● ABOUT THIS EXERCISE
Strip the pictures, then copy the remaining data exactly as it stands.
**** AVAILABLE DATA ****
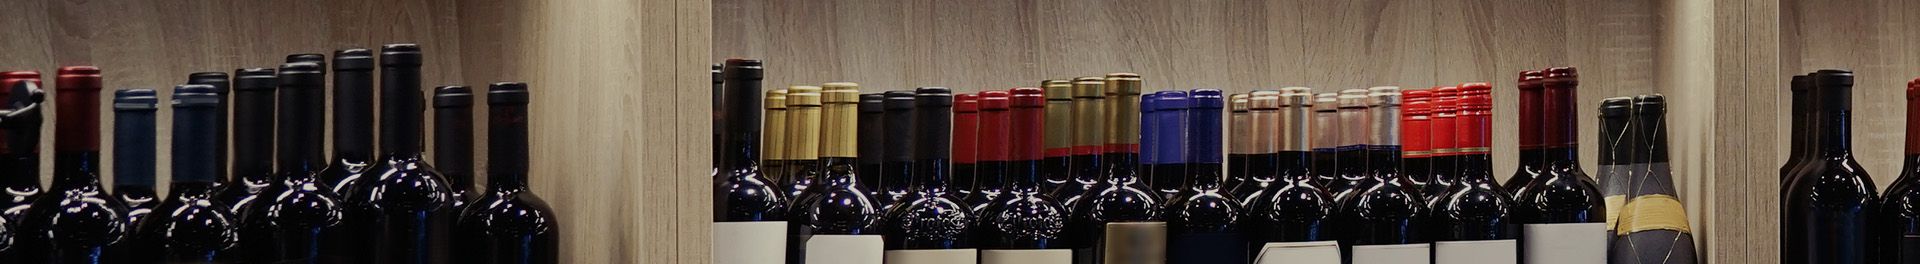 Assorted liquor bottles displayed on shelf.
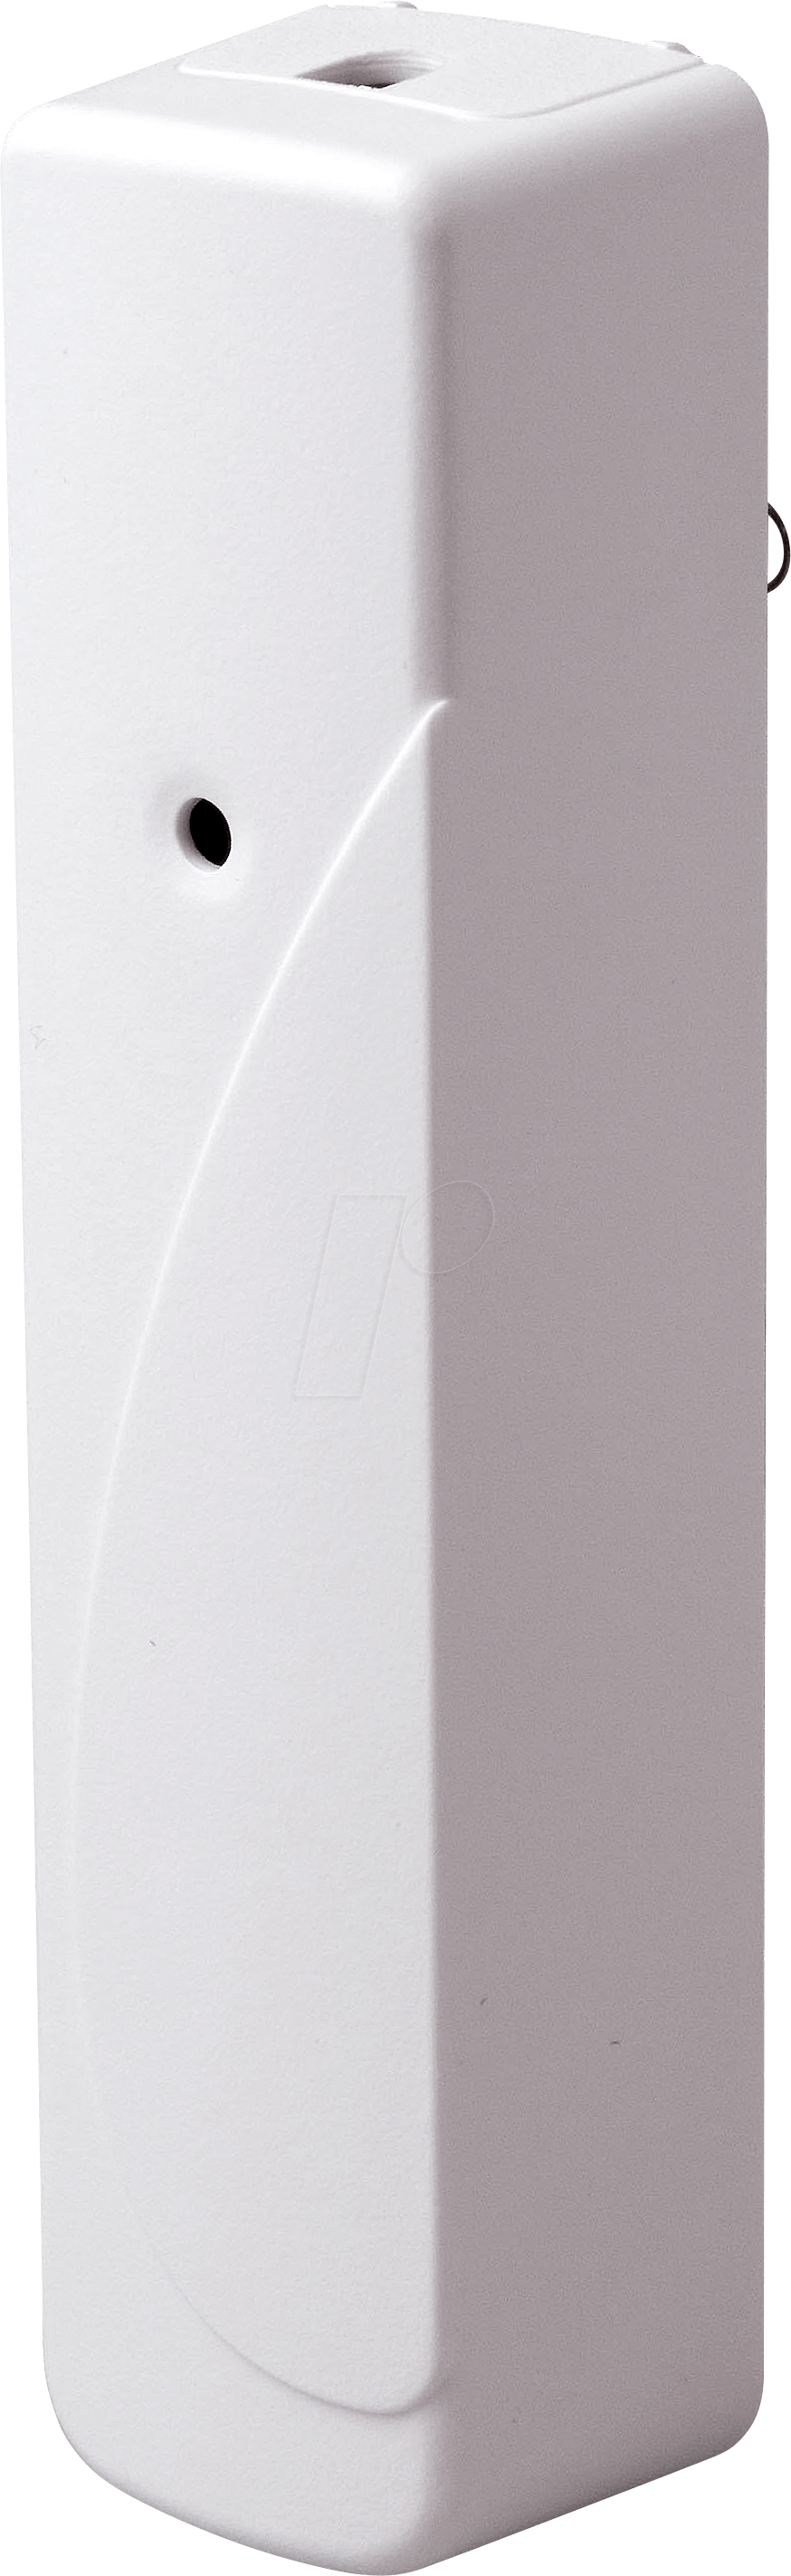 LS 12124 - Temperatursensor mit Fühler von LUPUS
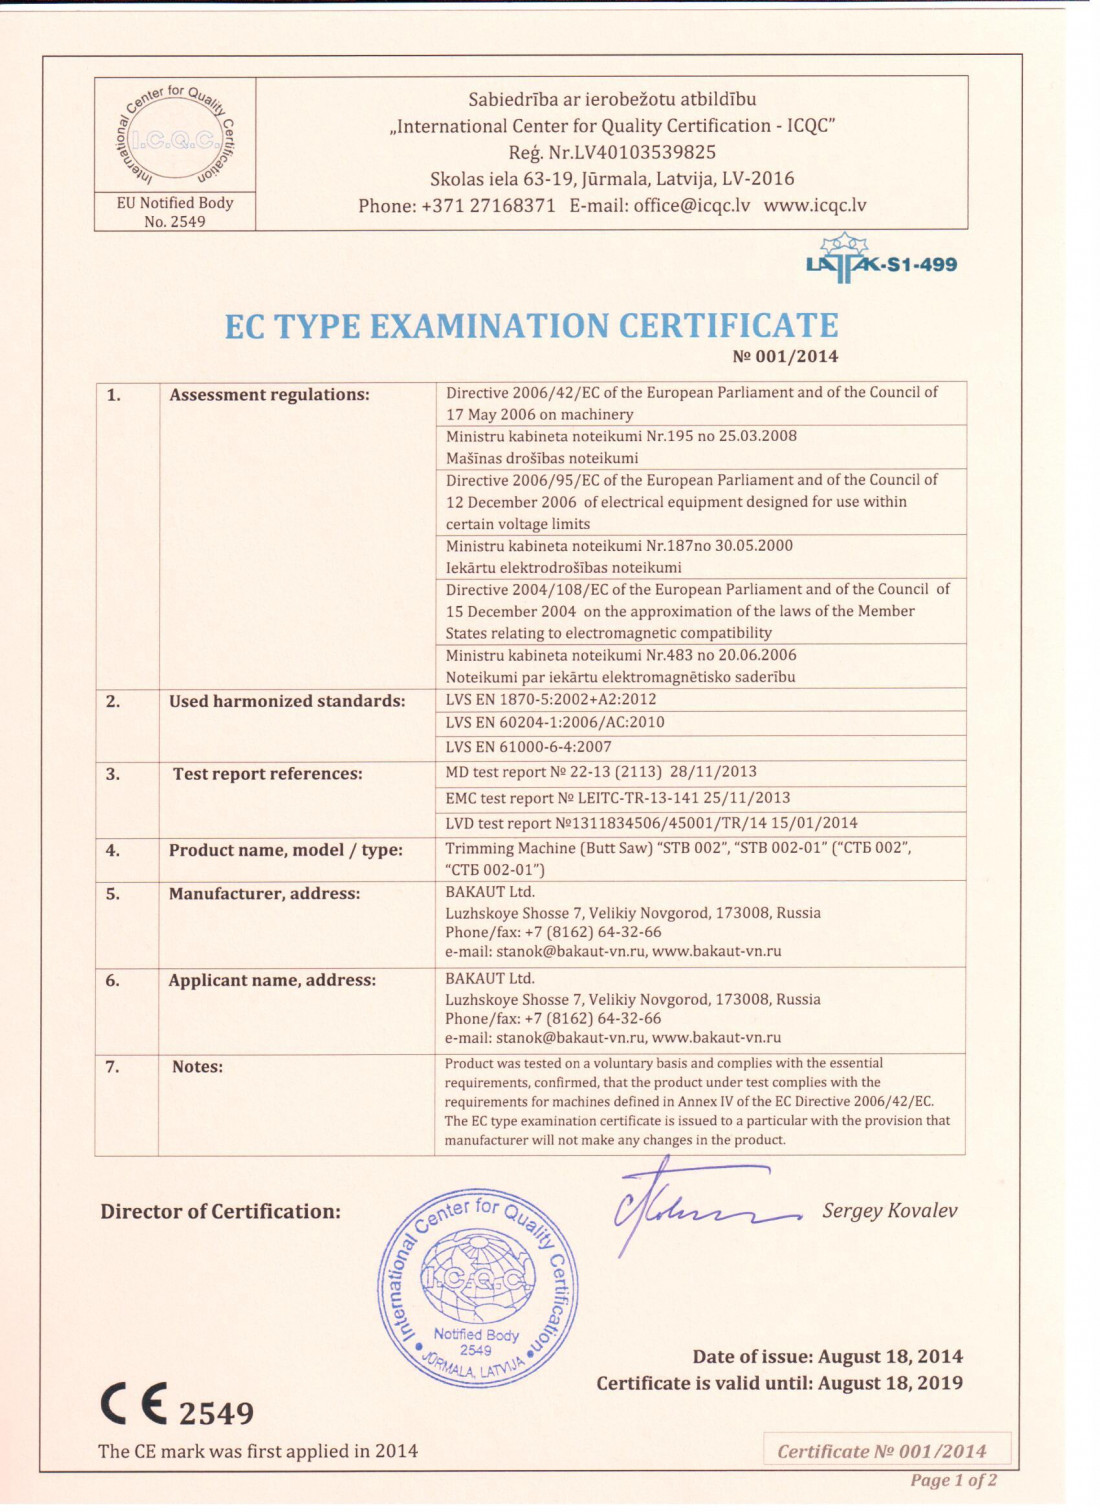 EU-type examination certificate
****
● ANSWER BOX
 Assorted liquor bottles displayed on shelf.
 LS 12124 - Temperatursensor mit Fühler von LUPUS
 EU-type examination certificate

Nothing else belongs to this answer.